The Risen by Ron Rash. New York: HarperLuxe, 2016, 230 pages. Hardback in dust
Jacket and large-print paperback, both $26.
This is Rash’s 6th novel to go with six story collections and five poetry collections. This story starts in a creek when two brothers in their late teens encounter an alluring and rebellious teen-aged girl. It resumes decades later to delve into themes of possible memory distortion and the impact of learning the truth.
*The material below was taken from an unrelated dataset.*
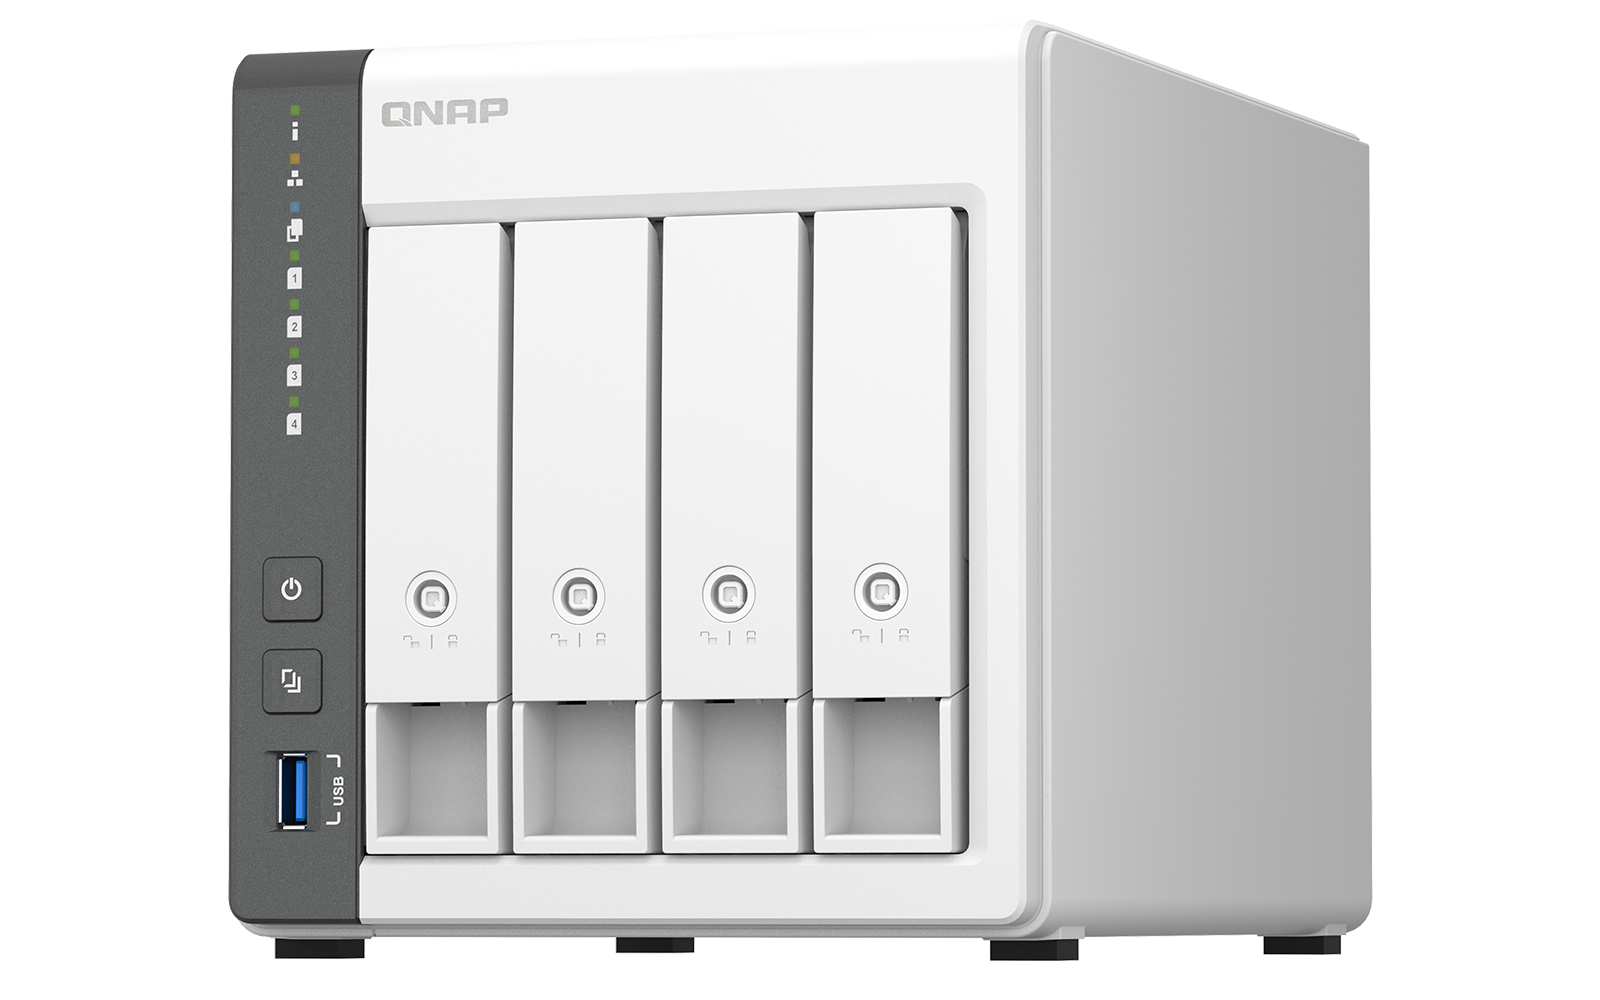 QNAP TS-433-4G Build a personal private cloud & home multimedia center with a built-in NPU to boost AI-powered face recognition

A Hanging at Cinder Bottom: A Novel by Glenn Taylor. Portland, Oregon: Tin House Books, 2016, 381 pages. Trade paperback. $16.
Taylor’s first novel was a finalist for the National Book Critics Circle Award. He is a native of Huntington, West Virginia, who now teaches at West Virginia University in Morgantown, and this is his third novel. Cinder Bottom is a neighborhood in Keystone, West Virginia, a coal boom town in 1910 when this novel is set. “It’s not enough to say Glenn Taylor is a brilliant writer. He’s that rarity nowadays, a great storyteller.” - Stewart O’Nan.


CHILDREN’S BOOKS

Mommy Goose: Rhymes from the Mountains by Mike Norris. Lexington: The
University Press of Kentucky, 2016. 42 pages, illustrated in color with carvings by
Minnie Adkins, oversized hardback with pictorial cover, $20.
Minnie Adkins is an iconic folk artist, widely known as a wood carver from Isonville, Kentucky. The author, Mike Norris is also an Eastern Kentucky native and the father of popular folk and ballad singer, Cari Norris, whose maternal grandmother, Lily May Ledford, was the original leader of the first all-woman string band in radio, the Coon Creek Girls. This book presents fun rhymes for kids.